The election, nothing more, nothing less

What can we expect from elections? A. Przeworski urges us to be minimal: elections provide only imperfect control over the actions of governments and are not enough to counteract the political effects of inequalities, but they are the best way to resolve conflicts without taking up arms.

Since the French and American revolutions of XVIIIe century, the election has established itself as the royal road to thinking about democracy, but the reflection on the vices and virtues of elective democracy is far from being closed. While some philosophers have been interested in the election as an ideal type, Adam Przeworski invites us instead to a realistic, contextualized and historically informed reflection on the benefits and limits of elections as we have known them until now. In his new book What’s the point of voting?the influential political scientist draws a nuanced and accessible assessment of the value of elections. Originally published in the language of Shakespeare by Polity Pressthe text receives here an excellent French translation by Salim Hirèche, in the no less excellent publishing house markus haller, dedicated to the translation of essays in human and social sciences.
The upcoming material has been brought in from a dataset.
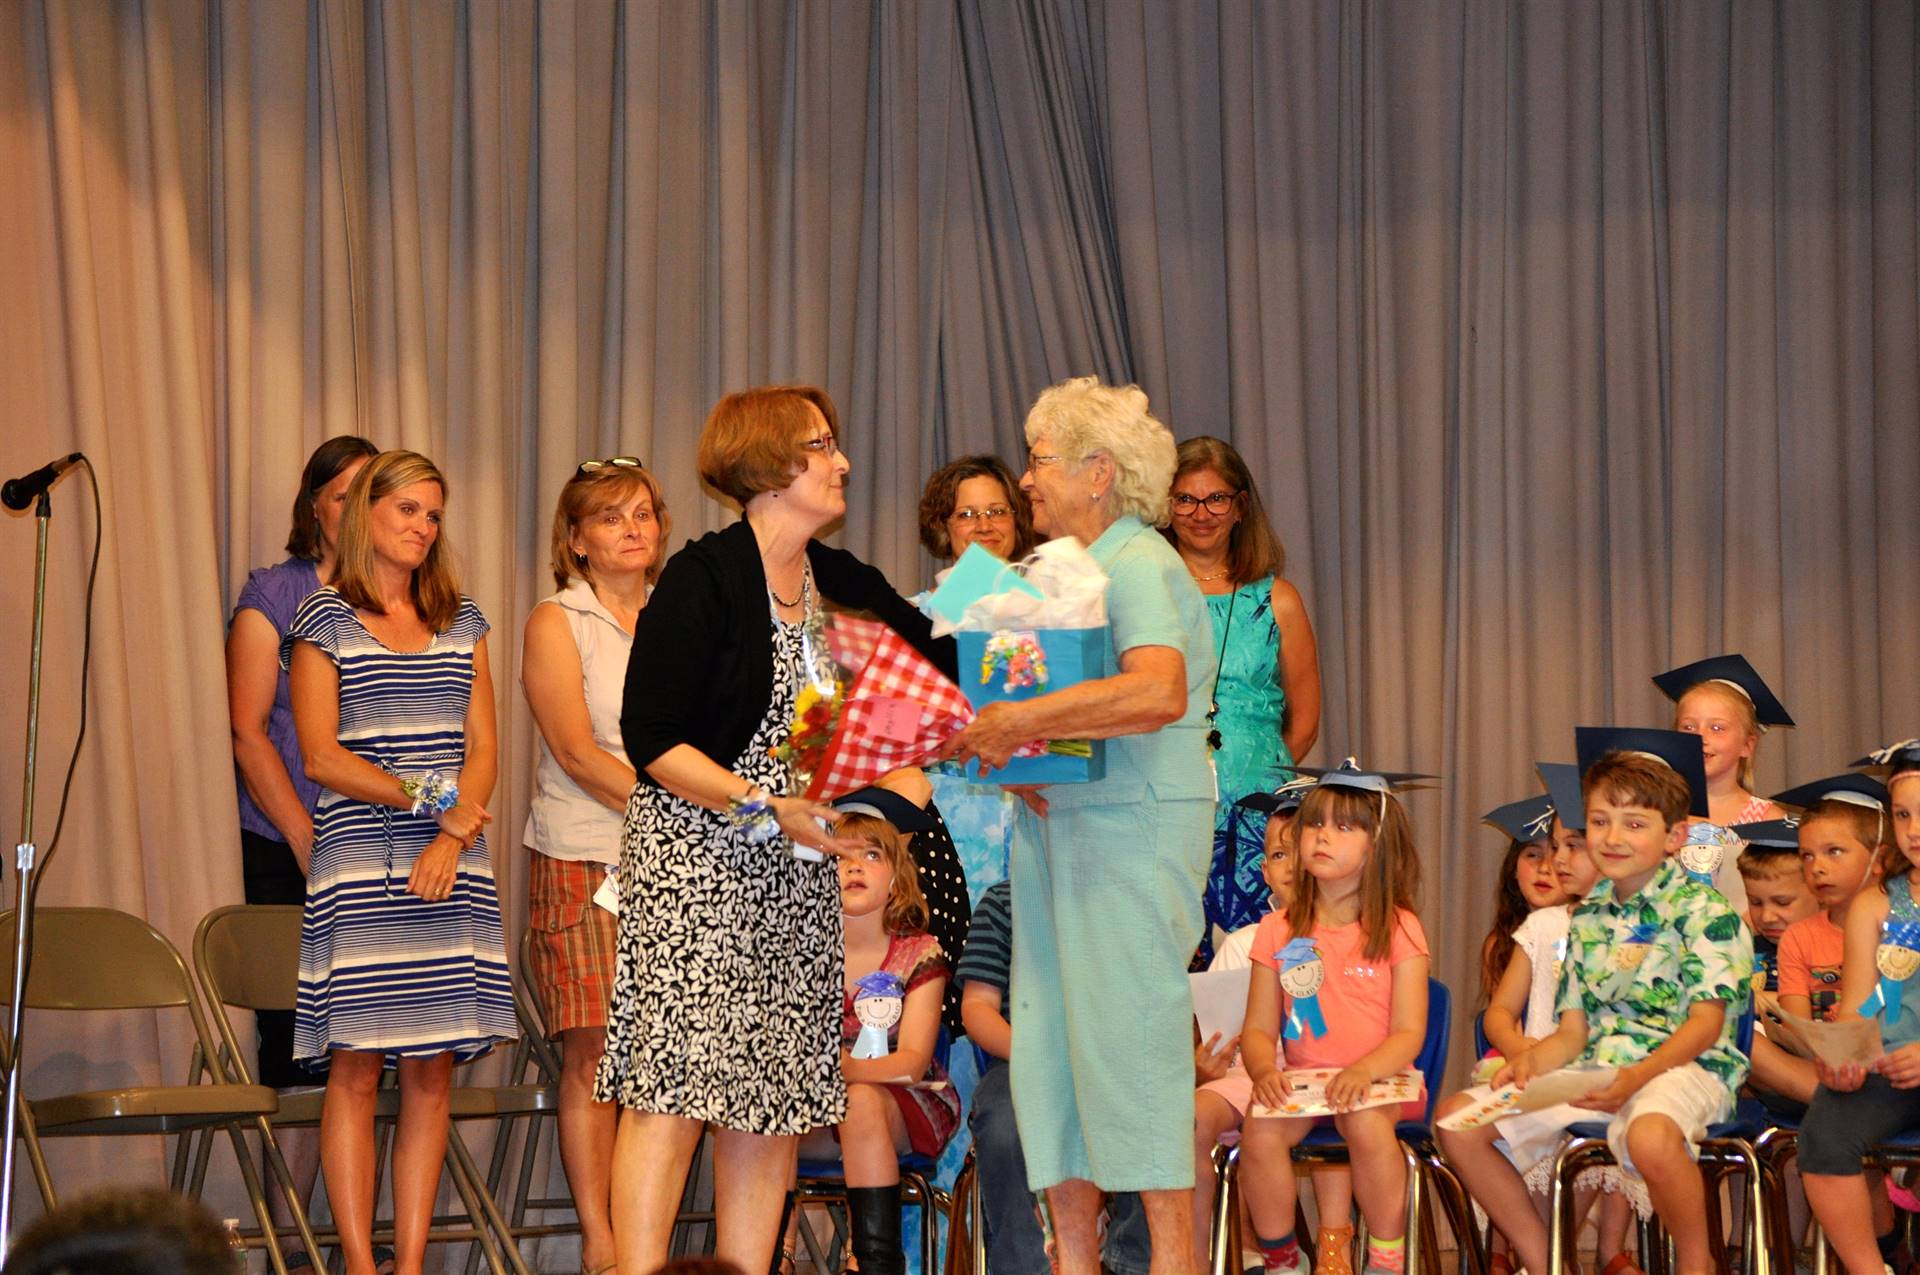 Mrs. Ives receives a gift on stage as students and staff watch.
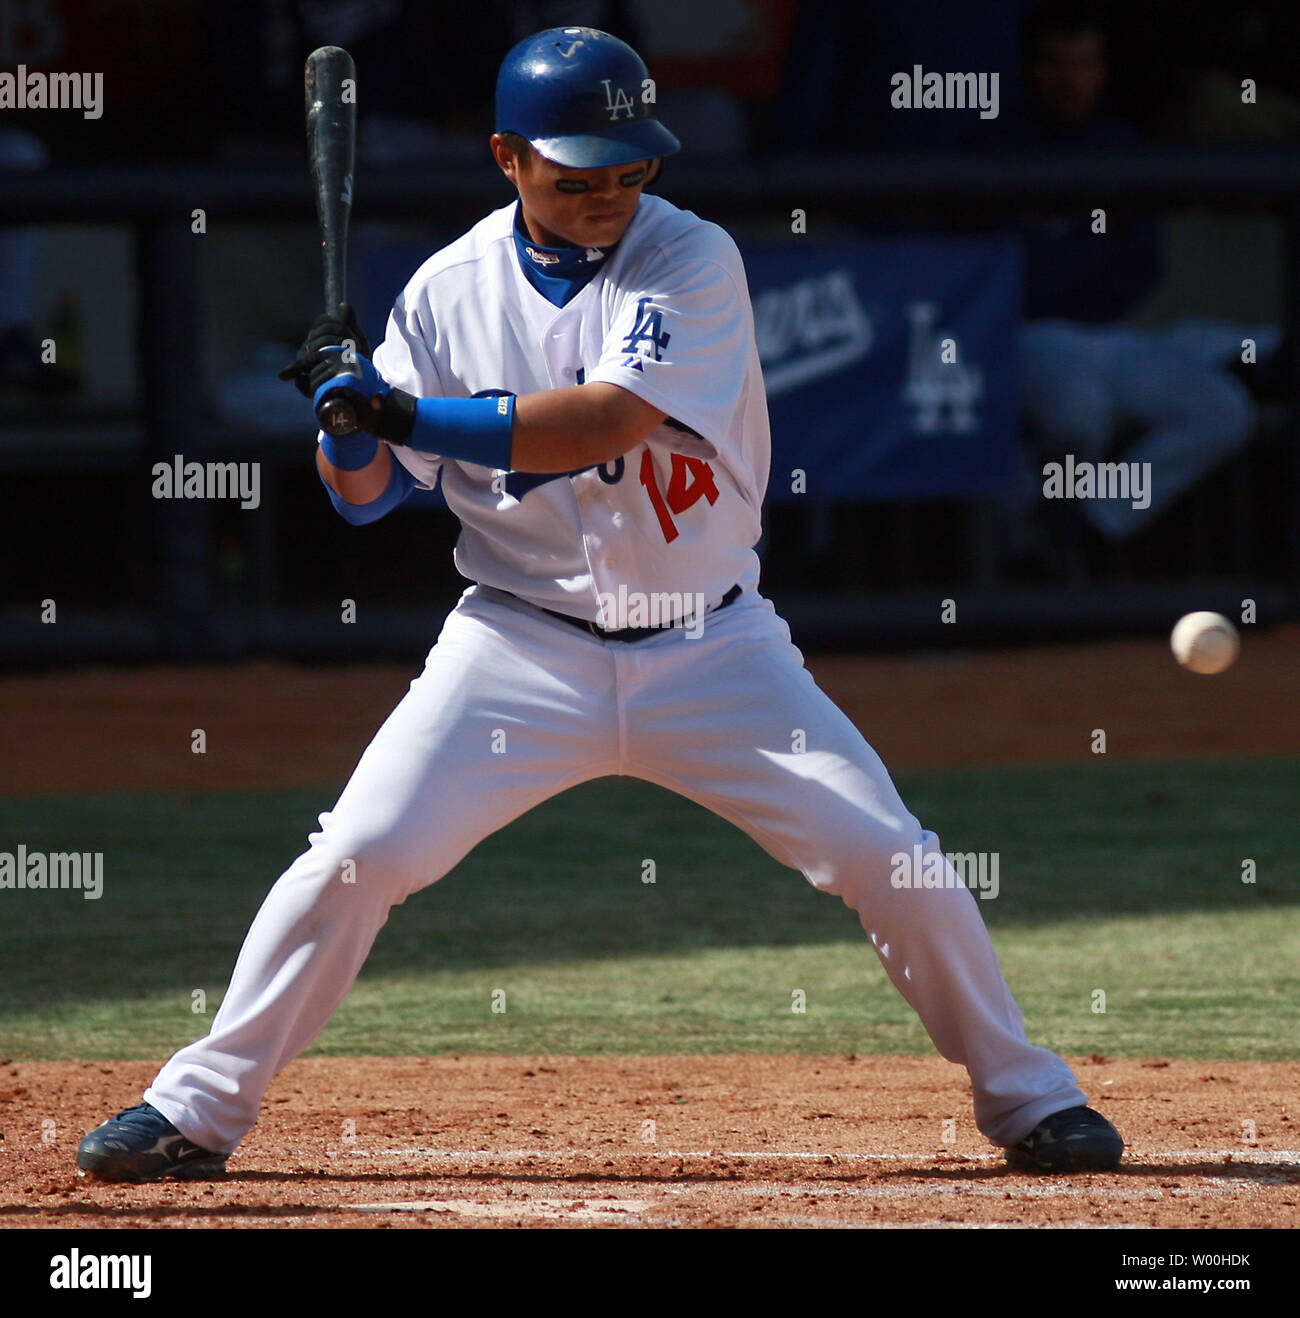 Los Angeles Dodgers Chin-lung Hu swings at a ball during an exhibition game against the San Diego Padres at Wukesong Stadium in Beijing March 15, 2008. The Dodgers and Padres shared the honors when Major League Baseball made its debut in China with a spring-training tied game.  (UPI Photo/Stephen Shaver) Stock Photo

This synthesis, both general and sensitive to national and historical particularities, moves back and forth between the first moments of modern electoral democracy—Przeworski takes as his symbolic starting point the election of the first American Congress in 1788—and the more recent tribulations of elected leaders like Donald Trump or Vladimir Putin. Similarly, Przeworski does not hesitate to deviate at times from contemporary research to also draw on the classics, from Montesquieu to the American Founding Fathers, including Edmund Burke, Karl Marx and others.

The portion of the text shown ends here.